Quando as palavras fazem coisas — Língua, 14–17 anos
Alguns enunciados fazem mais do que transmitir informação: prometem, ordenam, pedem desculpa ou dão um nome a algo. A teoria dos actos de fala ajuda-nos a reconhecer essa acção.
Um enunciado pode ser uma acção
Quando alguém diz «Peço desculpa», as palavras não estão apenas a relatar um pedido de desculpa: dizê-las é o próprio pedido. «Fecha a janela, por favor» pede uma acção, enquanto «Prometo» cria um compromisso. O sentido inclui o que o falante está a fazer.
O problema das acções escondidas
Se tratarmos todas as frases como informação, não percebemos por que razão as palavras podem mudar relações, permissões e deveres. Os filósofos estudaram os actos de fala porque «A reunião está aberta» pode relatar um facto, enquanto «Declaro aberta a reunião» realiza um acto oficial.

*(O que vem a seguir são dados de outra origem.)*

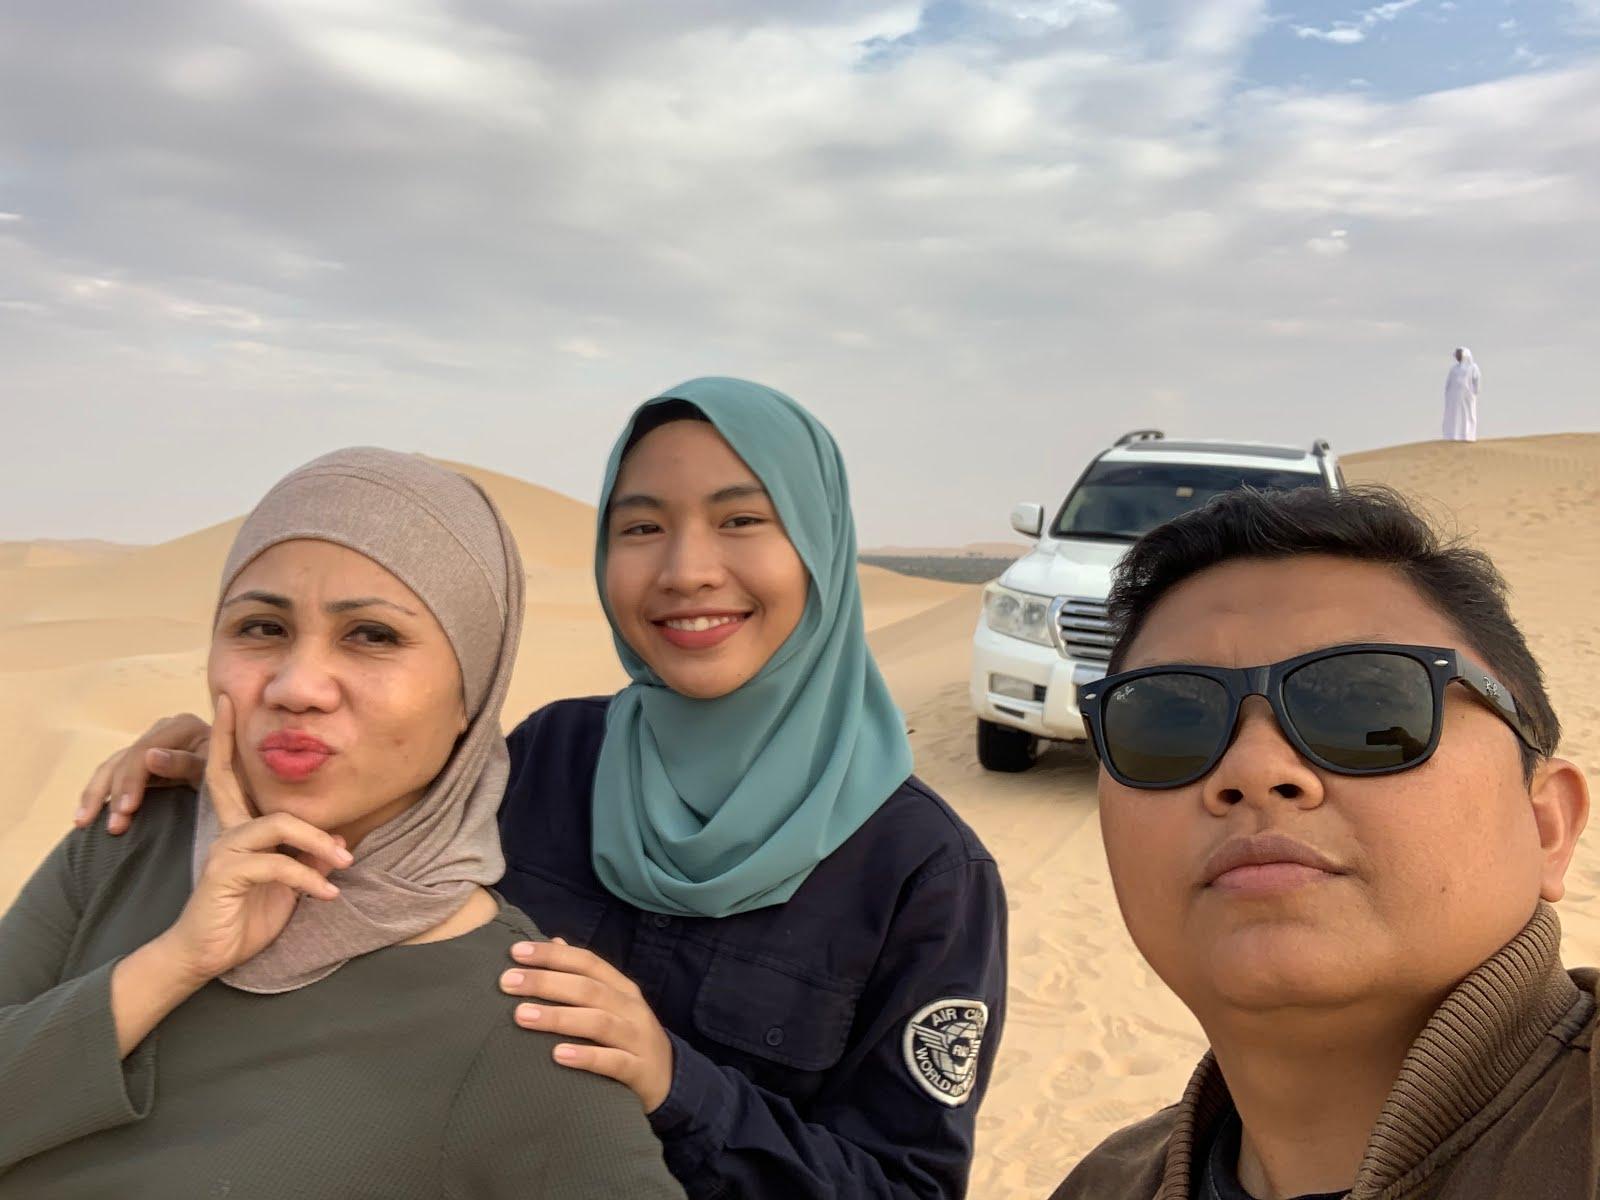 Abu Dhabi-Dubai, Dec 2019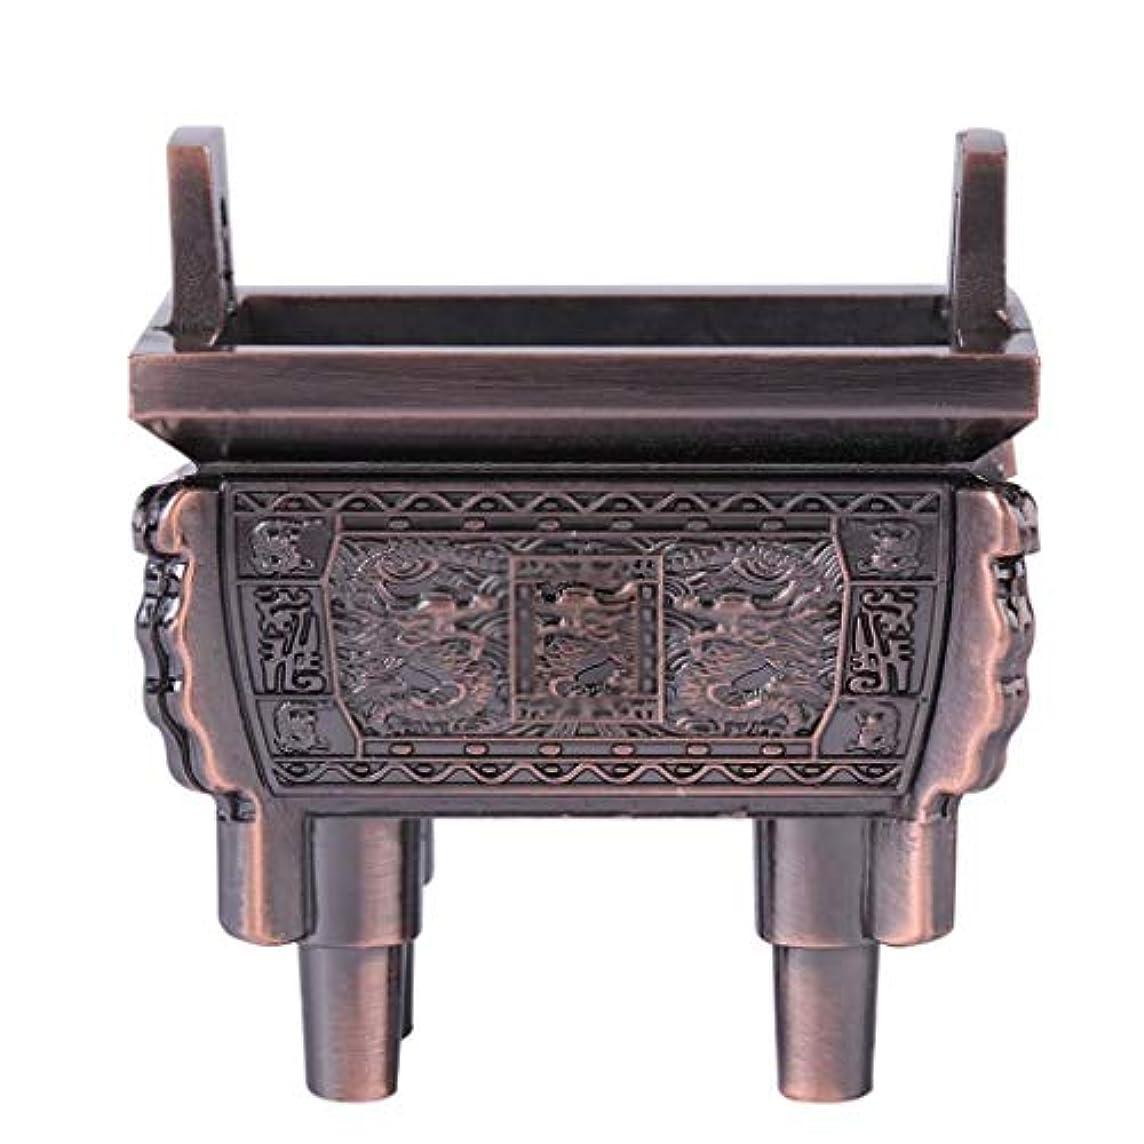 薬局幾分災害ホームアロマバーナー 総本店のホテルの喫茶店の使用のための小型多機能香の棒のバーナーのホールダーのセンサー 芳香器アロマバーナー (Color : Brass)

Uma promessa, passo a passo
Vejamos «Envio-te os apontamentos esta noite». Primeiro, as palavras descrevem uma acção futura. Depois, o falante apresenta essa acção como sua responsabilidade. Por fim, dizê-lo cria uma expectativa no ouvinte. Se estiver a brincar ou a citar outra pessoa, a promessa pode não contar.
A armadilha: olhar apenas para a gramática
É compreensível classificar «Podes passar-me o sal?» como pergunta, porque tem a forma gramatical de uma pergunta. Literalmente, pergunta pela capacidade; durante uma refeição, funciona como pedido educado. A gramática dá pistas, mas a situação e a intenção determinam o acto.
Promessas, permissões e avisos
Os actos de fala aparecem em regras escolares, contratos, entrevistas e mensagens online. «Podes entrar», «Aceito os termos» e «Cuidado!» desempenham funções sociais diferentes, mesmo sendo curtos. Reconhecer a função ajuda a perceber se uma frase dá permissão, cria um dever ou faz um aviso.